Get started with Ascend C programming in 3 days丨Take you to know the basic concepts and common interfaces of Ascend C

This article is shared from "  [2023 CANN Training Camp First Season] - Introduction to Ascend C Operator Development - The First Lesson (Definition and Implementation of Kernel Function) ", author: dayao.

Ascend C is a programming language launched by CANN for operator development scenarios. It natively supports C and C++ standard specifications and maximizes the matching of user development habits. Through key technologies such as multi-layer interface abstraction, automatic parallel computing, and twin debugging, the operator is greatly improved. Development efficiency helps AI developers complete operator development and model tuning and deployment at low cost.

Friends who have enough time recommend watching the official tutorial: Ascend C Official Tutorial

If you want to save time and effort for a quick start, you can read this article, which systematically sorts out the most important knowledge points of AscendC programming for you, and you can get started quickly in 3 days without getting lost!

Day 1 learning points:

image.png

1. What are the advantages of using Ascend C

  1. C/C++ primitive programming
  2. The programming model shields hardware differences, and the programming paradigm improves development efficiency
  3. Multi-level API packaging, from simple to flexible, taking into account ease of use and high efficiency
  4. Twin debugging, the CPU side simulates the behavior of the NPU side, and can be debugged on the CPU side first

Five, multi-level API interface

Ascend C provides a multi-level 0-3 level API. As the level increases, the degree of freedom of API usage decreases and the ease of use increases. Developers can choose the appropriate API according to their needs, use the most easy-to-understand high-level interface to quickly build operator logic, and use the free and flexible low-level interface for complex logic implementation and performance tuning. The main effect of this is to:

  • Reduce the difficulty of using complex instructions
  • Guaranteed Cross-Gen Compatibility
  • retain maximum flexibility possible

​​

1, ​3 level interface

Operator overloading supports +, -, *, /, |, &, <, >, <=, >=, ==, !=, and realizes the simplified expression of level 1 instructions. Users are allowed to use the form: dst = src0 * src1 to calculate for the entire Tensor. The following command API has a 3-level interface:

​2. Level 2 interface

Calculate the continuous COUNT data of the source operand srcLocal, and continuously write the destination operand dstLocal to solve the continuous calculation problem of one-dimensional tensor.

​3. Level 0 interface

Level 0 functional flexible computing interface is the lowest-level development interface, which can fully send back the computing API with hardware advantages, and can perform discontinuous computing. This function can fully send back the powerful function instructions of CANN series chips, and supports The Block stride, Repeat stride, and MASK operations allow users to use many general parameters to customize the required operations:

1.
Repeat iteration times-Repeat times 

The vector calculation unit reads 8 consecutive blocks (32 Bytes per block, 256 Bytes in total) data for calculation each time. In order to complete the processing of the input data, it must go through multiple iterations (repeat) to complete the reading of all the data with calculations. Repeat times represent the number of iterations.

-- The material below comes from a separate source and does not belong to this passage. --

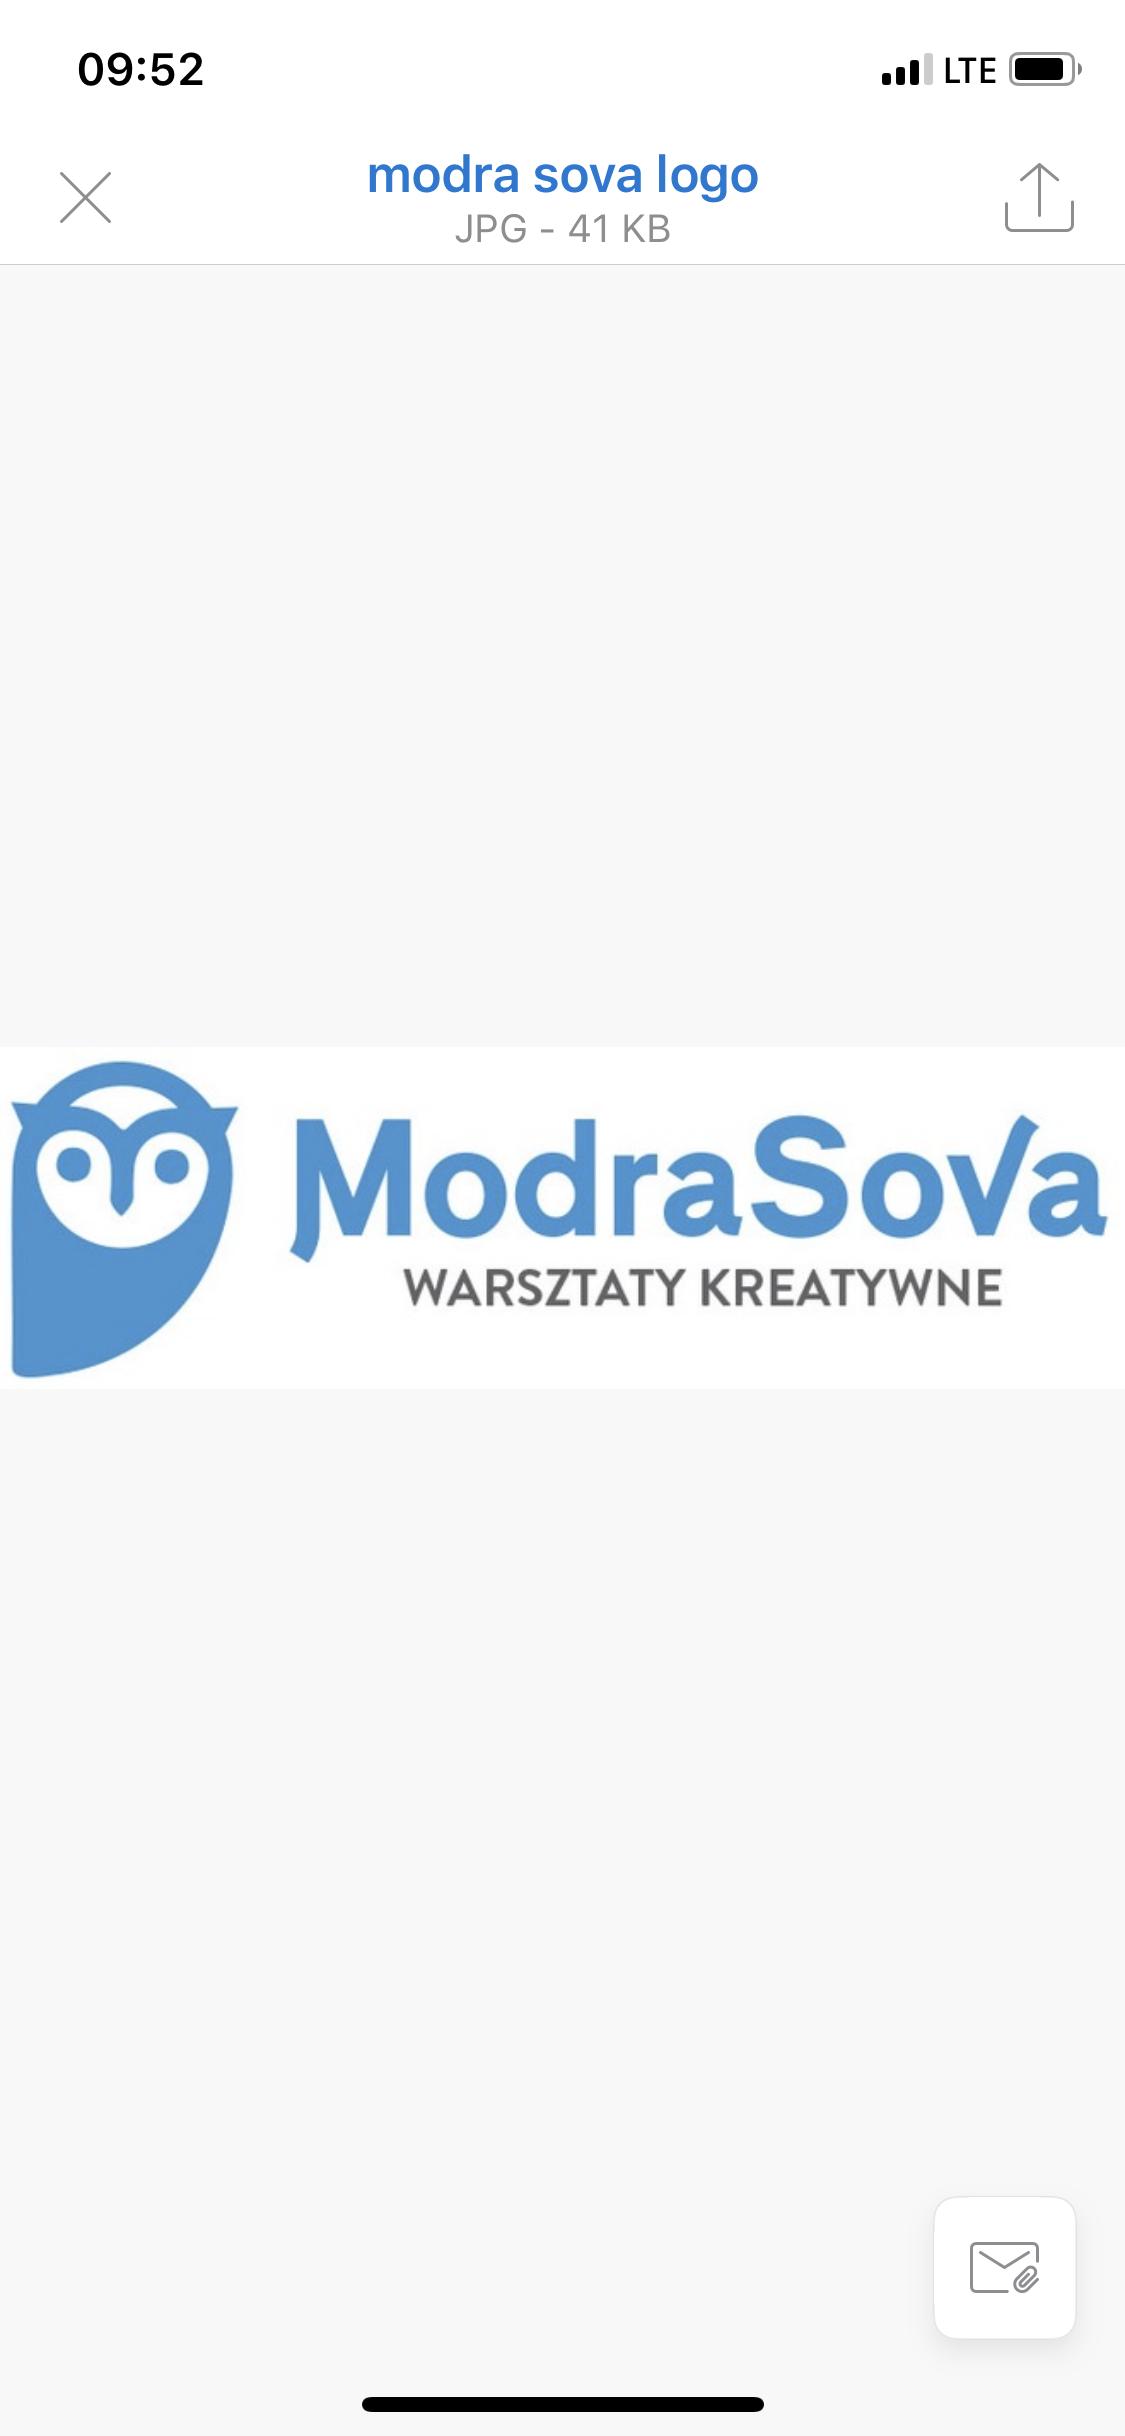 ModraSova nową firmą członkowską SBE

As shown in the figure below, the size of the data to be processed is 16 blocks (512 Bytes), and each iteration processes 8 blocks (256 Bytes). It takes two iterations to complete the calculation, and the Repeat times should be set to 2.

​​​​2.
The address step size of the same block between adjacent iterations 

When Repeat times is greater than 1 and multiple iterations are required to complete the vector calculation, you can reasonably set the value of the Repeat stride of the address step of the same block between adjacent iterations according to different usage scenarios.

Continuous computing scenario: Assume that a Tensor is defined for both the destination operand and the source operand (that is, address overlap), and the value of Repeat stride is 8. At this time, the vector calculation unit reads 8 consecutive blocks in the first iteration, and reads the next 8 consecutive blocks in the second iteration, and the calculation of all input data can be completed through multiple iterations.

​Discontinuous
computing scenario: When the value of Repeat stride is greater than 8 (for example, 10), the data read by the vector computing unit between adjacent iterations is discontinuous in terms of address, and an interval of 2 blocks appears.

Repeated calculation scenario: When the value of Repeat stride is 0, the vector calculation unit will repeatedly read and calculate the first 8 consecutive blocks.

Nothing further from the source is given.